Our focus is tandem devices that have the prospect for greater STH efficiency[2], but increased complexity that requires more careful consideration of characterization practices. We perform measurements on an advanced version of the classical GaInP/GaAs design[3] while considering (i) calibration and adjustment of the illumination light-source; (ii) confirmation of the consistency of results by incident photon-to-current efficiency (IPCE), and (iii) definition and confinement of the active area of the device.
We initially measured 21.8% STH efficiency (black dashed line) using a tungsten white-light source, a calibrated GaInP photovoltaic reference cell, and epoxy-encased photocathodes. In contrast, integrating experimental IPCE over the AM 1.5G solar irradiance showed that less than 10% STH conversion appeared conceivable. We then performed a set of on-sun measurements that gave 16.1% STH (black line), before eliminating indirect light coupled to the sample by using a collimating tube and 13.8% STH efficiency (blue line) thereafter. However, the value still vastly exceeded the current density expected according to the quantum efficiency measured via IPCE. Finally, suspecting that the illuminated area is poorly defined by epoxy, we use a compression cell for an epoxy-free area definition, resulting in 9.3% STH efficiency (red line) – a number also compatible with our IPCE results.

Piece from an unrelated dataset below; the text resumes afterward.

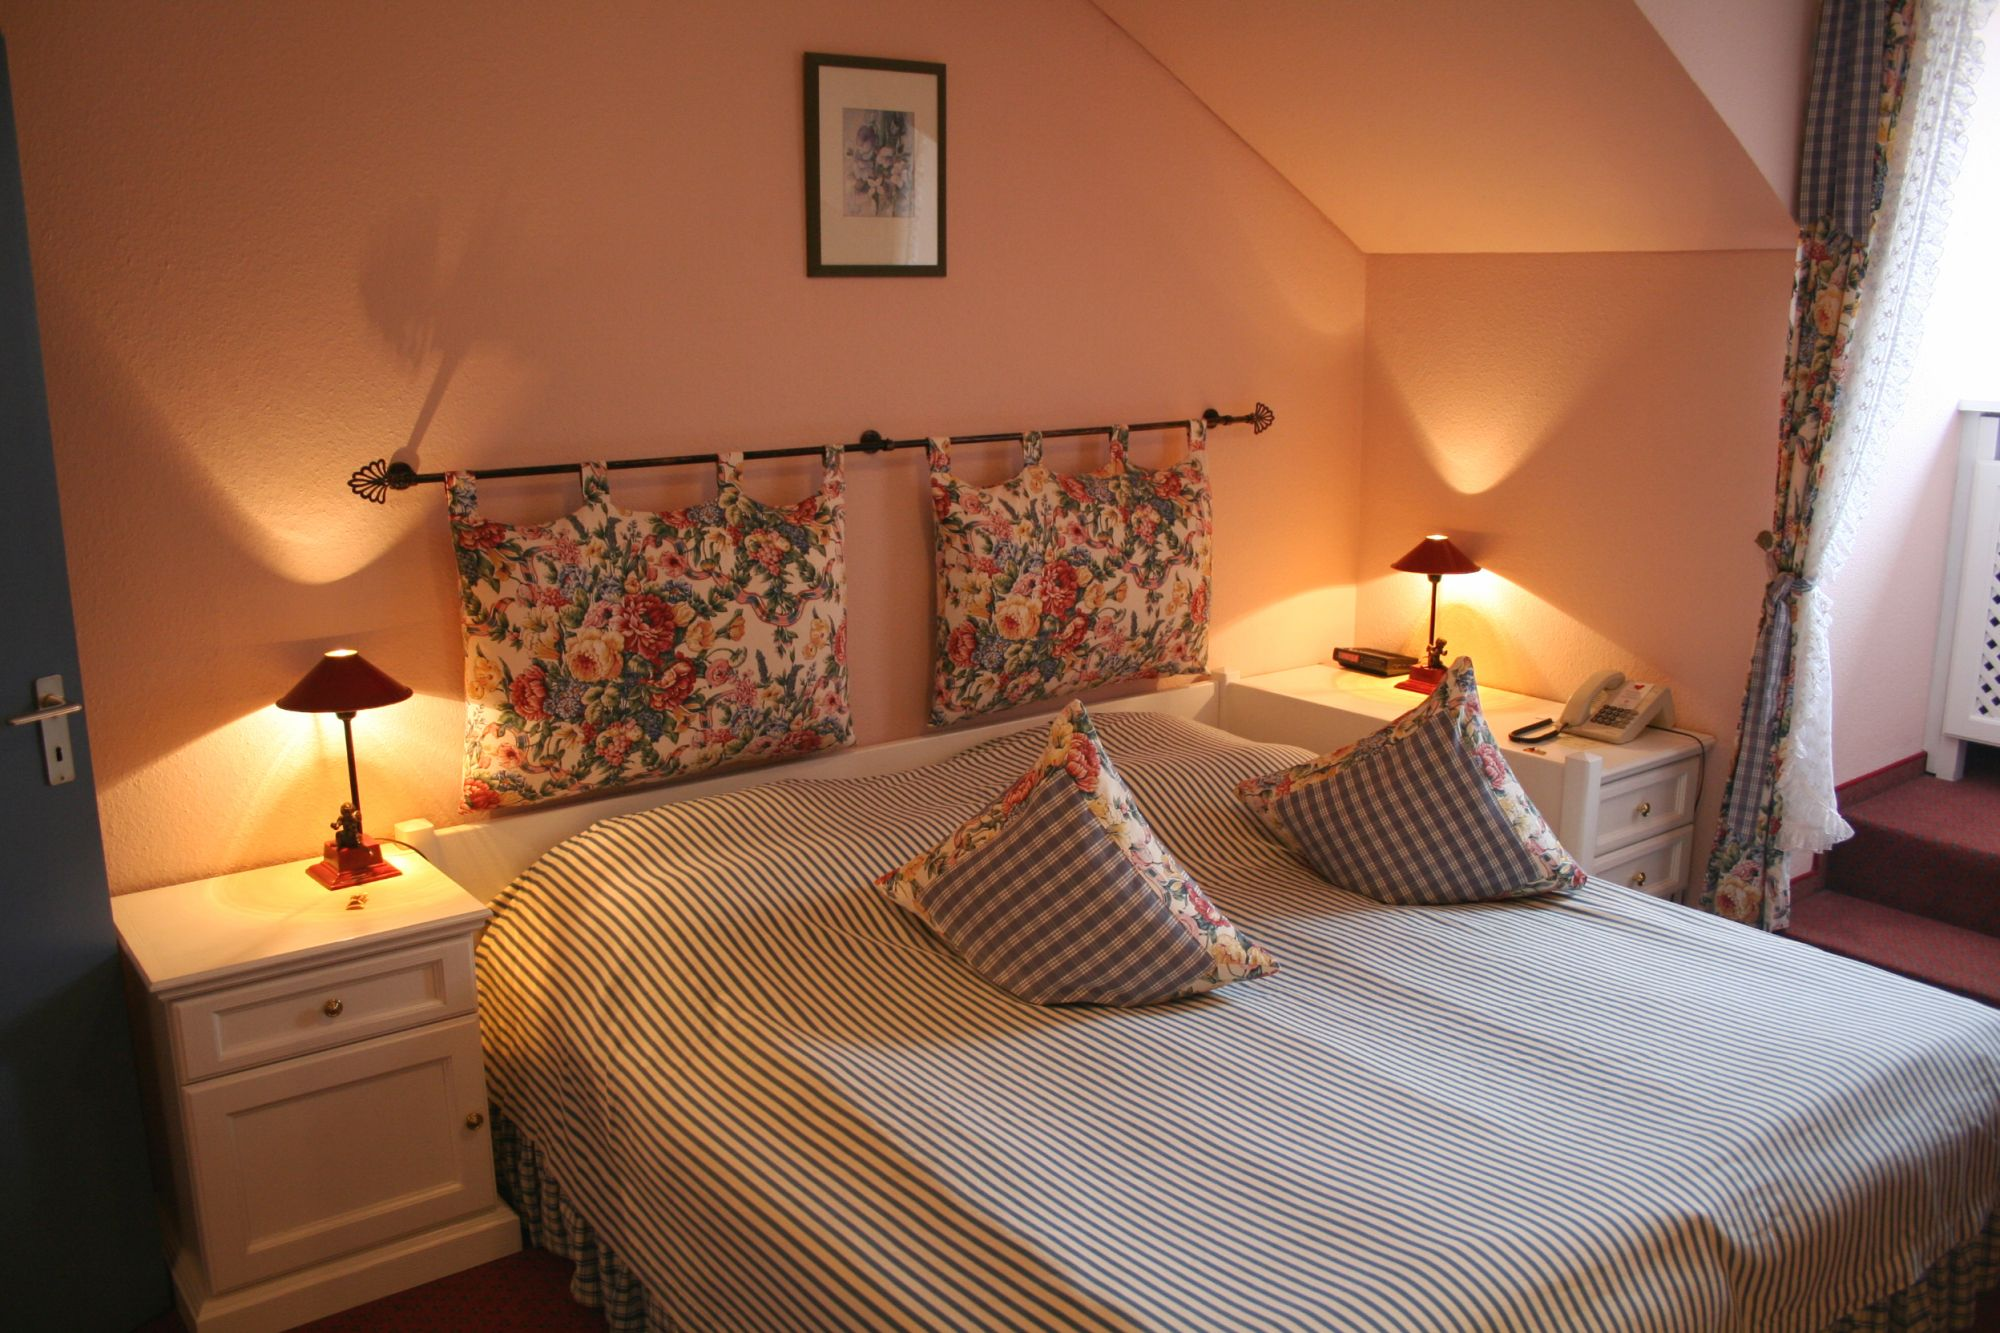 bad griesbach hotels buchung online bayerischen b derdreieck. Black Bedroom Furniture Sets. Home Design Ideas

We propose applying the following standards for future PEC performance reporting: (i) traceable disclosure of the illumination-source configuration (lamp, filters, optics, PEC configuration) and/or its measured spectral distribution; (ii) thorough device-area definition (including confinement of the illumination area and avoidance of indirect light paths); (iii) complementary IPCE confirmation of the solar-generation potential; and (iv) proper consideration of faradaic efficiency.
[1] H. Döscher, J. L. Young, J. F. Geisz, J. A. Turner, and T. G. Deutsch, “Solar to hydrogen efficiency: Shining light on phoelectrochemical device performance,” Energy Environ. Sci.2015.
[2] H. Döscher, J. F. Geisz, T. G. Deutsch, and J. A. Turner, “Sunlight absorption in water – efficiency and design implications for photoelectrochemical devices,” Energy Environ. Sci.2014.
[3] O. Khaselev and J. A. Turner, “A Monolithic Photovoltaic-Photoelectrochemical Device for Hydrogen Production via Water Splitting,” Science. 1998.